Opinion
2011-10-11
Jasne & Florio, LLP, White Plains, N.Y. (Lisa Colosi Florio and Daniel E. Florio, Jr., of counsel), for appellant.Jackson Lewis LLP, White Plains, N.Y. (Greg Riolo and Rebecca M. McCloskey of counsel), for respondent-respondent.
Jasne & Florio, LLP, White Plains, N.Y. (Lisa Colosi Florio and Daniel E. Florio, Jr., of counsel), for appellant.Jackson Lewis LLP, White Plains, N.Y. (Greg Riolo and Rebecca M. McCloskey of counsel), for respondent-respondent.
In a proceeding pursuant to Executive Law § 298 to review a determination of the New York State Division of Human Rights dated January 22, 2010, which dismissed the petitioner's administrative complaint, upon a finding that there was no probable cause to believe that Lawless & Mangione Architects Engineers, LLP, engaged in an unlawful discriminatory practice in terminating the petitioner's employment, the petitioner appeals from a judgment of the Supreme Court, Westchester County (Smith, J.), entered May 27, 2010, which denied the petition and dismissed the proceeding.
ORDERED that the judgment is affirmed, with costs.
The petitioner argues that the Supreme Court applied the incorrect “substantial evidence” standard rather than the “arbitrary and capricious” standard. Since a hearing pursuant to Executive Law § 297(4)(a) was not conducted, the appropriate standard of review to be applied to the determination of the New York State Division of Human Rights (hereinafter the Division) is whether the determination is without a rational basis and, hence, arbitrary and capricious ( see Matter of Bazile v. Acinapura, 225 A.D.2d 764, 765, 639 N.Y.S.2d 952; cf. CPLR 7803[3] ). In denying the petition and dismissing the proceeding, the Supreme Court cited to and applied the correct standard. Moreover, the determination of no probable cause, made by the Division after a conference, had a rational basis and was not arbitrary and capricious ( see Matter of Maltsev v. New York State Div. of Human Rights, 31 A.D.3d 641, 817 N.Y.S.2d 906; Matter of Pathak v. New York State Div. of Human Rights, 13 A.D.3d 634, 788 N.Y.S.2d 135).

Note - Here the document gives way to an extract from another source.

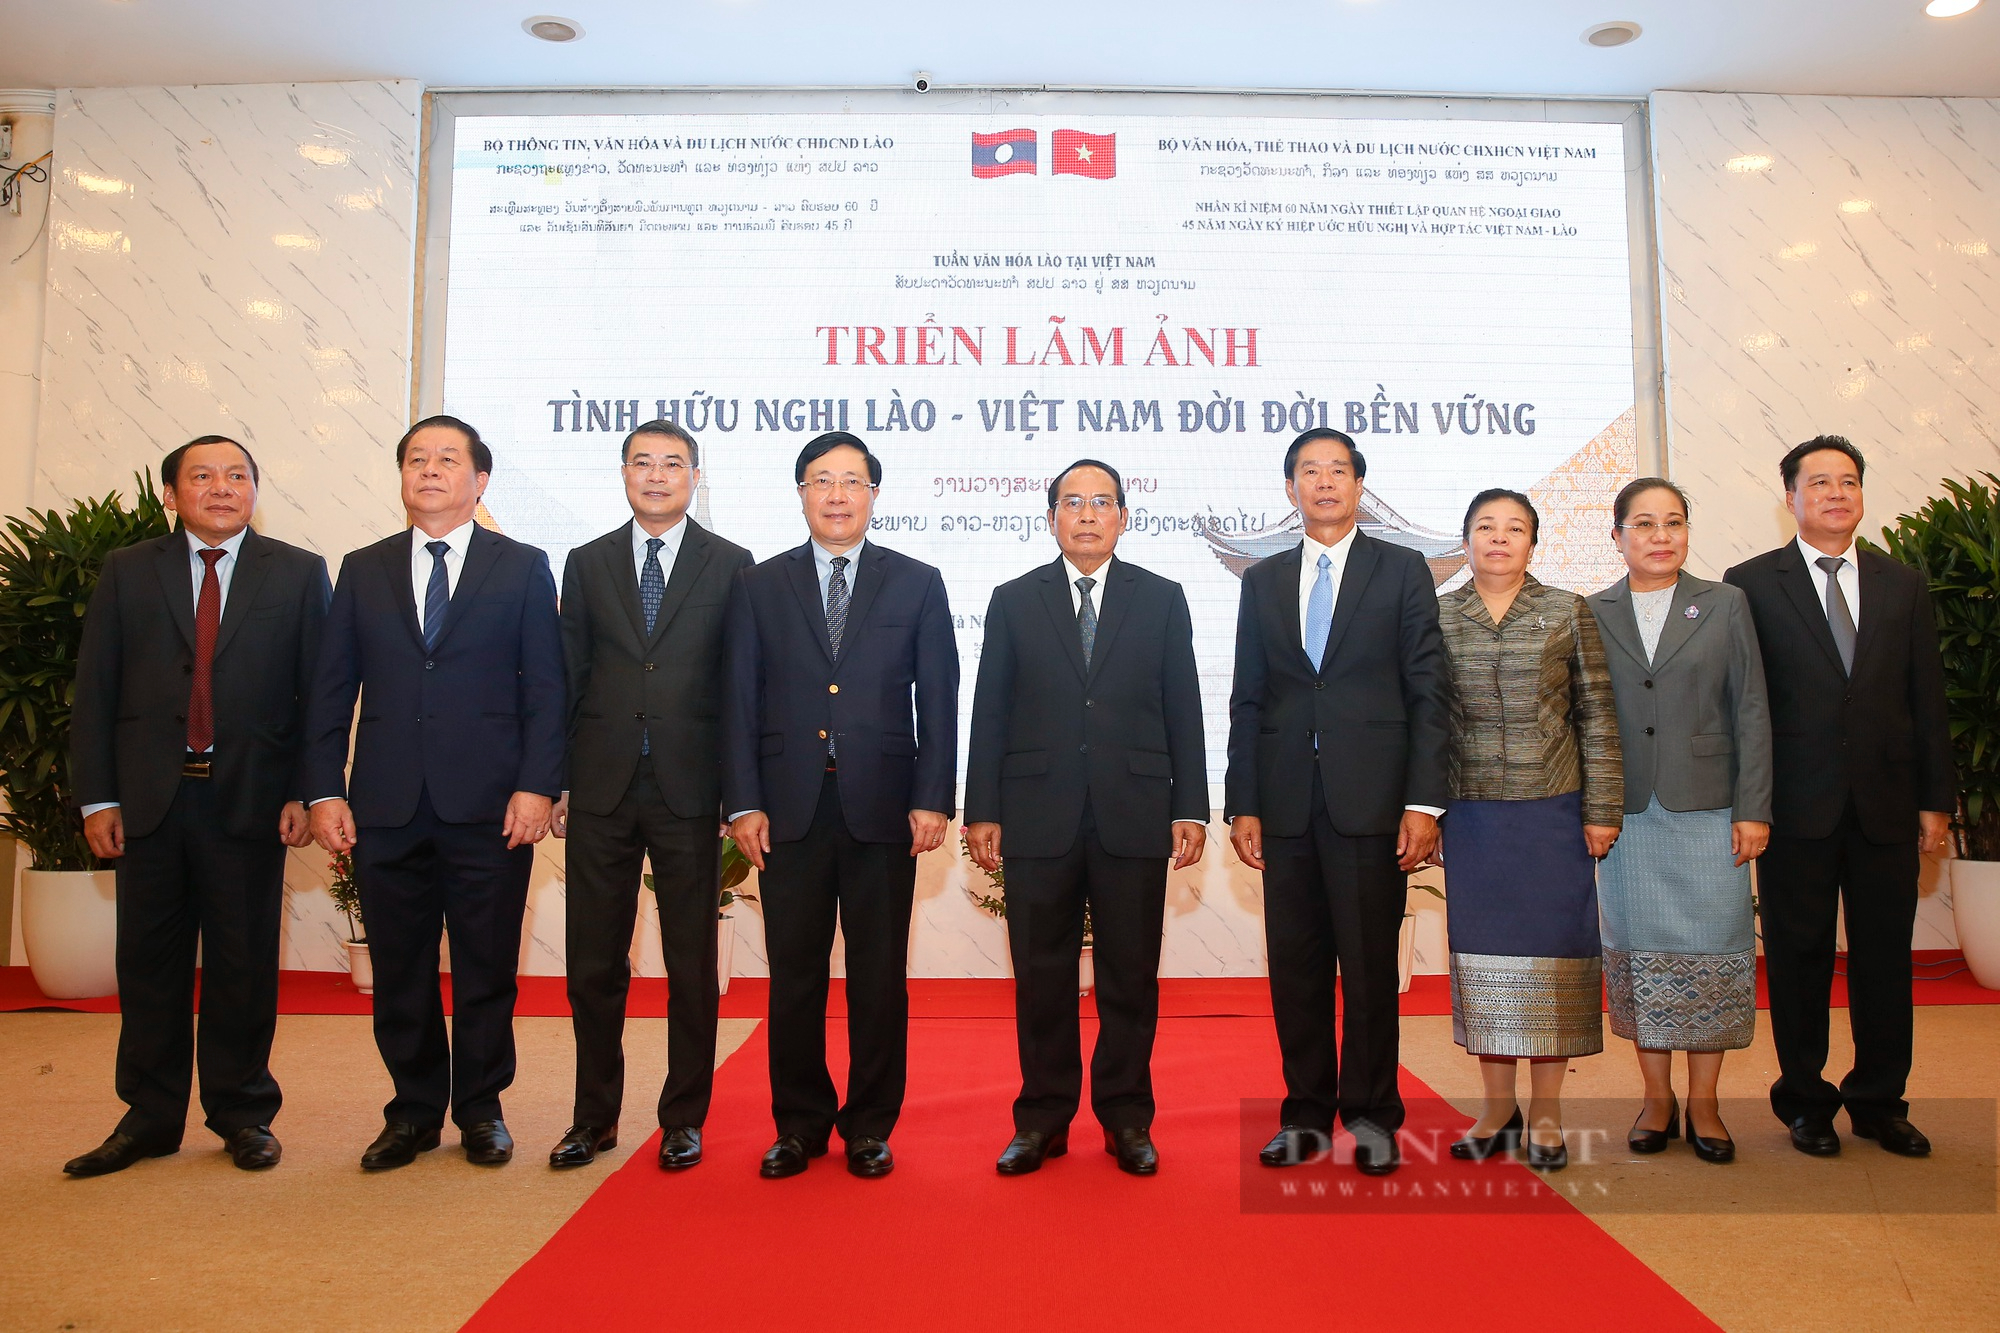 Phó Chủ tịch nước Lào dự Khai mạc triển lãm ảnh 'Tình hữu nghị Lào - Việt Nam đời đời bền vững' - Ảnh 11.

To the extent that the petitioner contends that the Division's investigation was one-sided and abbreviated, the Division has broad discretion in the conduct of its investigations ( see 9 NYCRR 465.6; Matter of Maltsev v. New York State Div. of Human Rights, 31 A.D.3d at 641, 817 N.Y.S.2d 906; Matter of Bazile v. Acinapura, 225 A.D.2d at 765, 639 N.Y.S.2d 952). The petitioner had a full opportunity to present her case to the Division, made many submissions, and participated in the conference with her attorney ( see Matter of Rauch v. New York State Div. of Human Rights, 73 A.D.3d 930, 930, 900 N.Y.S.2d 735; Matter of Maltsev v. New York State Div. of Human Rights, 31 A.D.3d at 641, 817 N.Y.S.2d 906; Matter of Cornelius v. New York State Div. of Human Rights, 286 A.D.2d 329, 330, 728 N.Y.S.2d 703). Further, contrary to the petitioner's argument, no hearing was necessary because the record does not demonstrate the existence of unresolved questions that required further scrutiny ( see Matter of Bazile v. Acinapura, 225 A.D.2d at 765, 639 N.Y.S.2d 952; see also Matter of Pathak v. New York State Div. of Human Rights, 13 A.D.3d at 635, 788 N.Y.S.2d 135).
Applying the foregoing standard of review, we conclude that the Supreme Court correctly denied the petition and dismissed the proceeding.